We will get interested on the measures performed between 1975 and 2021. The dataset is composed of monthly averaged values. Values are expressed in *ppm* (parts-per-million).

**Question: Appliying the method described above, model the behaviour of this timeseries.**

**Question: Using your model, make predictions from 2001 to 2021, and evaluate the performance of your model. Make some projections about the evolution of the concentration after 2021.**

**Do not forget to explain your hypotheses, choices and results.**

*Some help*

- Be careful ! This timeseries is more difficult to model (do not forget the stationarity property...)
- If a timeseries is not stationary, one can **differenciate** its values over time to create a stationary approximation of the timeseries (like ARIMA does). You can also **remove the linear trend** from the data. Differencing (for an order 1 differenciation) implies transforming $X[t]$ into $X[t] - X[t-1]$.
- Maybe a seasonal model (SARIMA, ...) could be interesting ?
- You can do projections by using the model as a **generative model**: using the predicted value $X[t]$, you can predict $X[t+1$] using $X[t]$, then predict $X[t+2]$ using $X[t+1]$ and so on, using only the predictions of your model. For instance, with a dataset stopping in December 2021, you can predict January 2022 using December 2021, which you know from the dataset. Then, you can predict February 2022 from January 2022, March 2022 from February 2022...

*Reference:*

K.W. Thoning, A.M. Crotwell, and J.W. Mund (2021), Atmospheric Carbon Dioxide Dry Air Mole Fractions from continuous measurements at Mauna Loa, Hawaii, Barrow, Alaska, American Samoa and South Pole. 1973-2020, Version 2021-08-09 National Oceanic and Atmospheric Administration (NOAA), Global Monitoring Laboratory (GML), Boulder, Colorado, USA

In [None]:
ts = pd.read_csv("https://gml.noaa.gov/aftp/data/trace_gases/co2/in-situ/surface/mlo/co2_mlo_surface-insitu_1_ccgg_MonthlyData.txt",
                 header=150, sep=" ")

ts = ts[ts["year"] > 1975]

time_index = pd.DatetimeIndex(pd.to_datetime(ts[["year", "month", "day"]]))
ts = ts.set_index(time_index)
ts = pd.Series(ts["value"])

Train dataset ends at January 1st 2000. 

In [None]:
test_begin = datetime.datetime(2000, 1, 1)
ts_train = ts.loc[:test_begin]
ts_test = ts.loc[test_begin:]

In [None]:
plt.figure(figsize=(10, 5))
plt.plot(ts_train, label="Train")
plt.plot(ts_test, label="Test")
plt.legend()
plt.xlabel("Time")
plt.ylabel("CO2 (ppm)")
plt.show()

### Identification


1. Analyse the timeseries, look for **trend**, **seasonality**, **stationarity**, and any other remarkable cues.

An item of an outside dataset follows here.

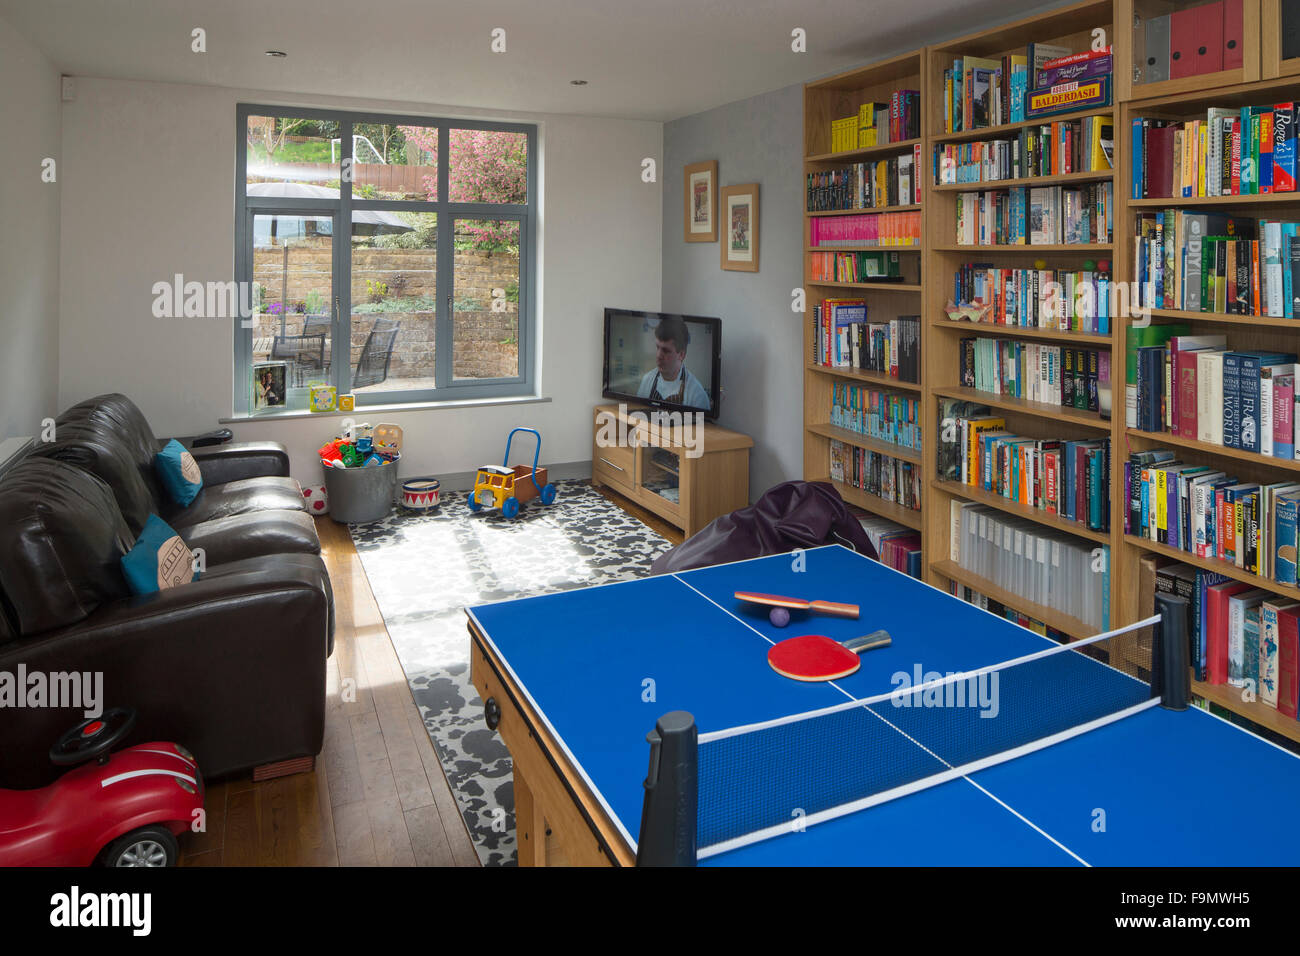 Playroom showing table tennis table, bookcases and toys in a moden family home. Stock Photo
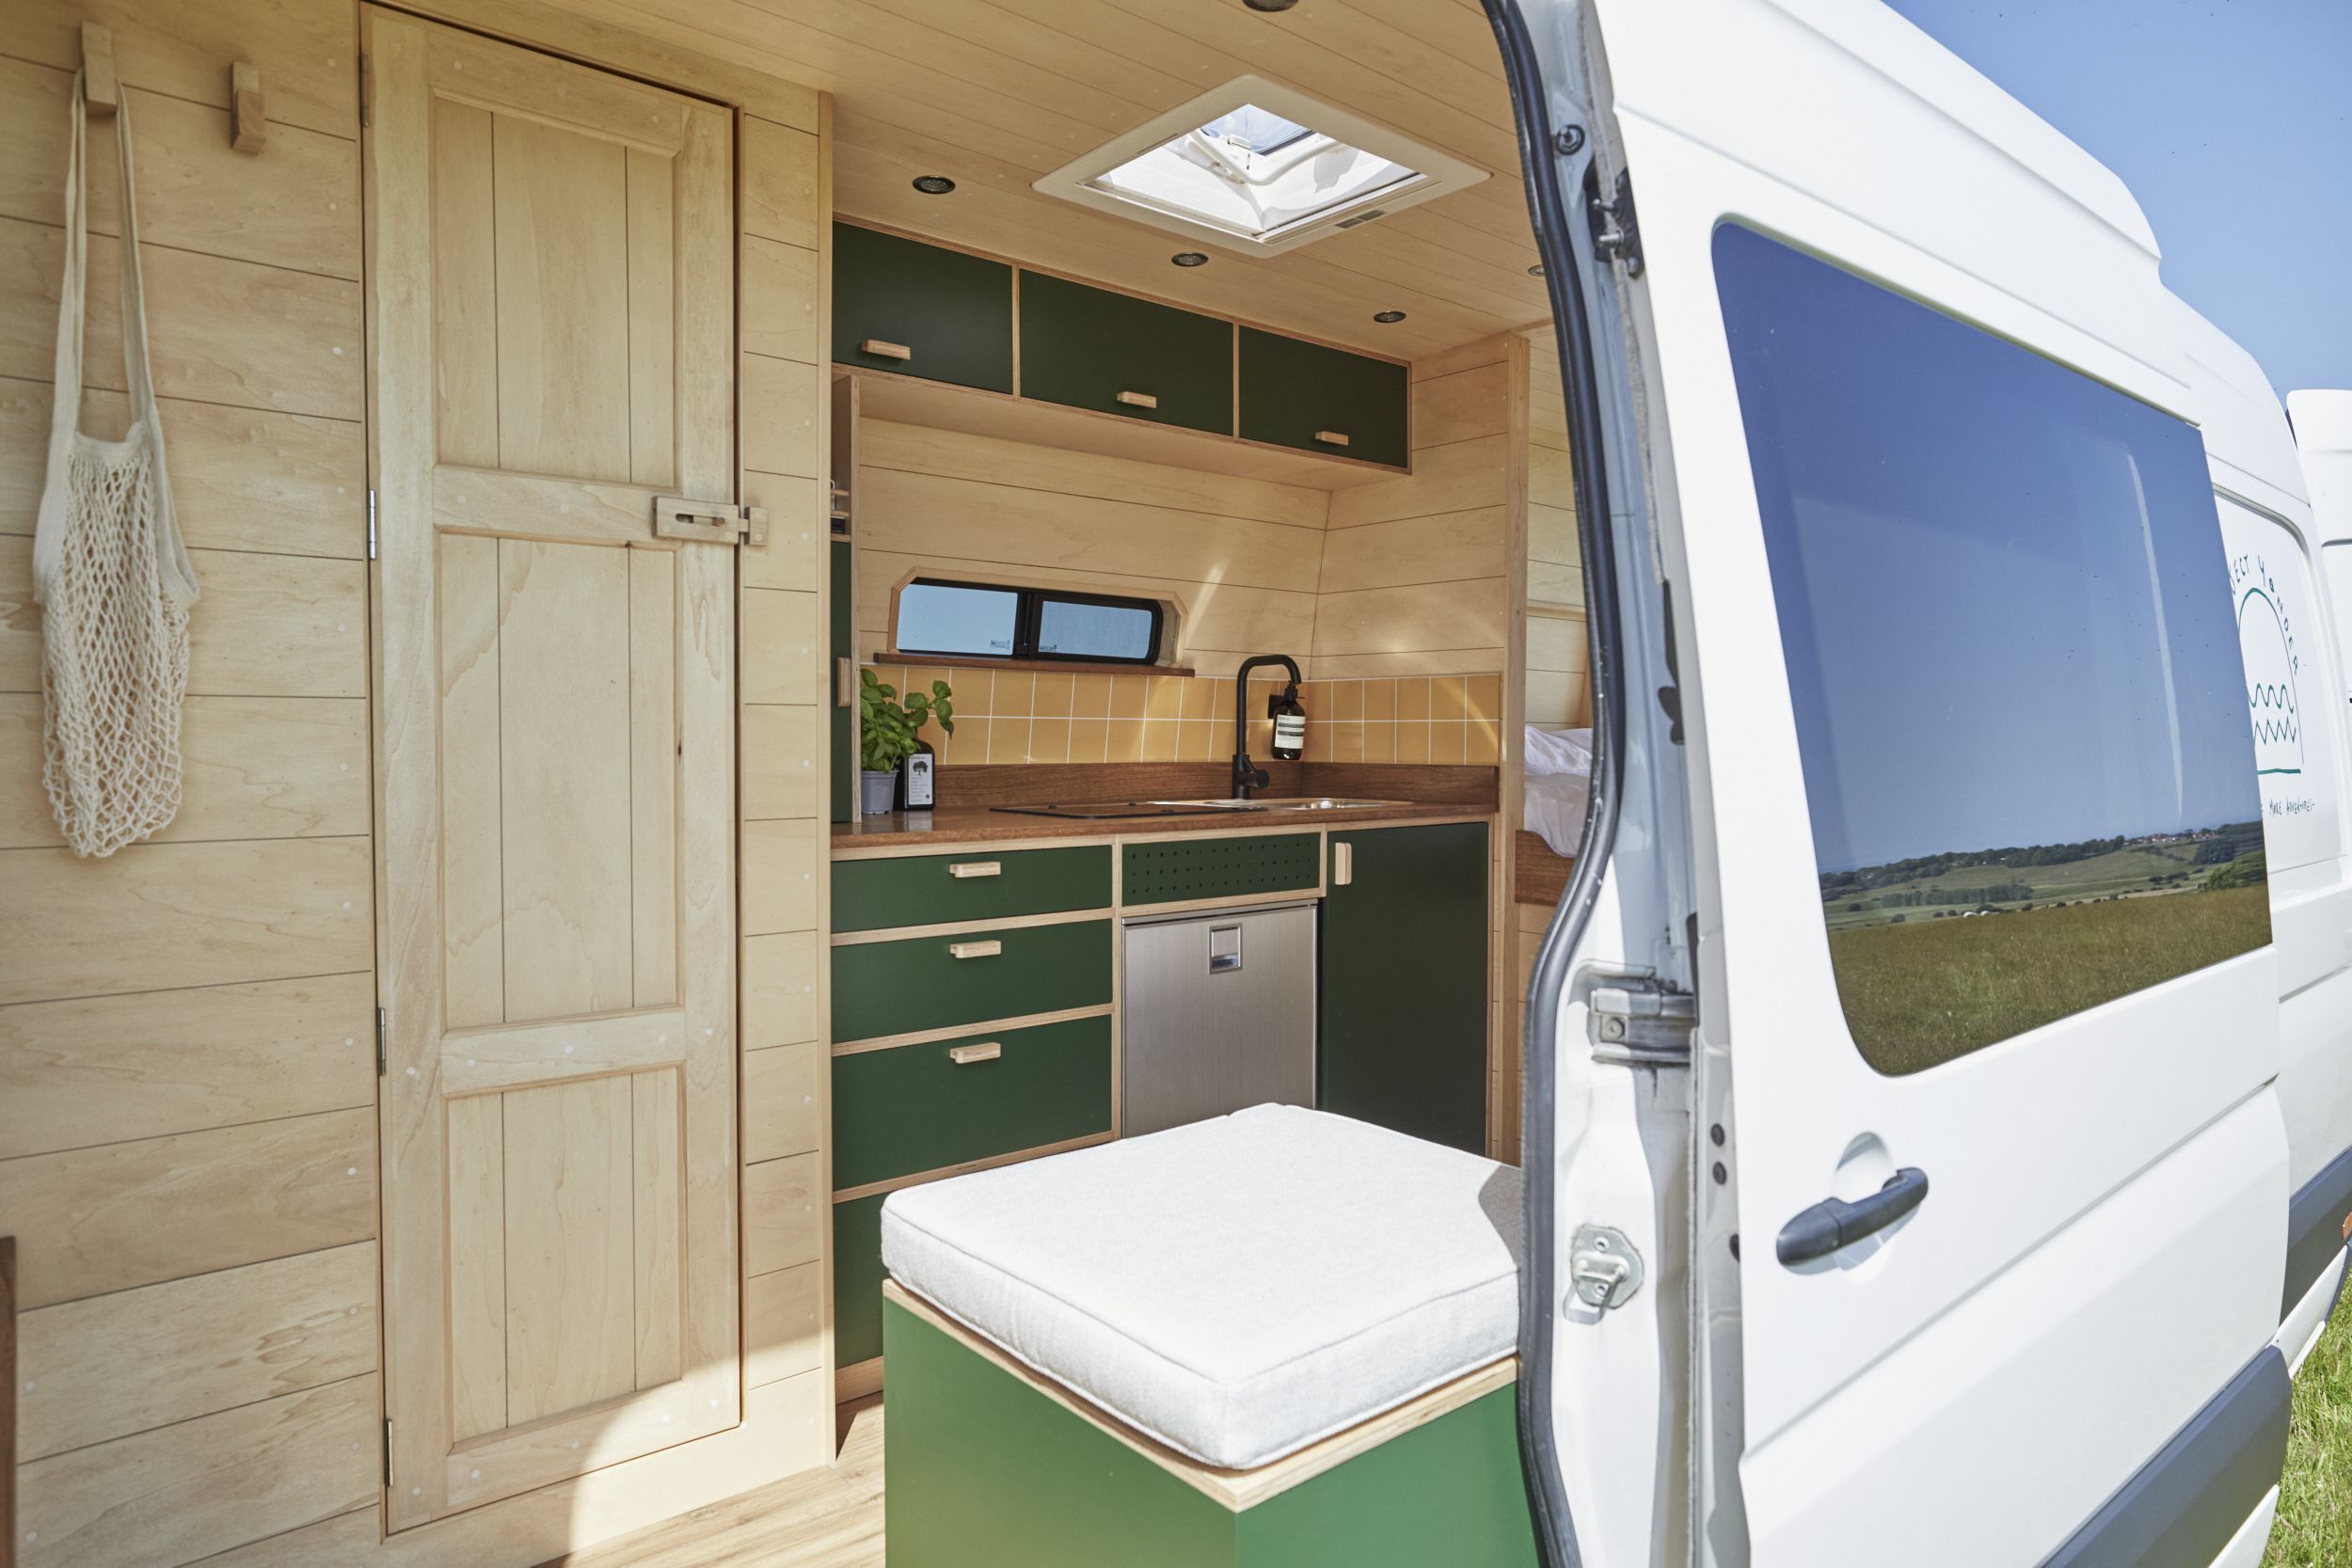 This Couple Tiny Homes on Wheels - Camper Van Conversions

2. Is the timeseries stationary ? If not, what to do ?

Tools: 

    statsmodels.tsa.seasonal.seasonal_decompose
    statsmodels.tsa.stattools.adfuller
    statsmodels.tsa.stattools.kpss
    pandas (.diff())
    matplotlib

3. What about autocorrelation ? What kind of model am I looking for ?

4. What hyperparameters can I select ? (precise values or ranges)

Tools: 

    statsmodels.graphics.tsaplots.plot_acf
    statsmodels.graphics.tsaplots.plot_pacf

## Estimation

1. Choose a training procedure to test all hyperparameters combinations in a robust way (cross-validation, walk-forward, etc.)

2. Choose metrics to record during estimation. Compute statistics over different cross-validation folds/train dataset lengths to assess the robustness of your model.

3. Create a training loop for the model you chose, visualize metrics afterwards (predictions, metrics over hyperparameter/time/fold, Q-Q plots for residuals...)

4. Select the best model(s).

Tools:

    statsmodels.tsa.arima.model.ARIMA
    sklearn.metrics

### Evaluation

1. Forecast on the test set.

2. Forecast the future (with confidence interval if possible).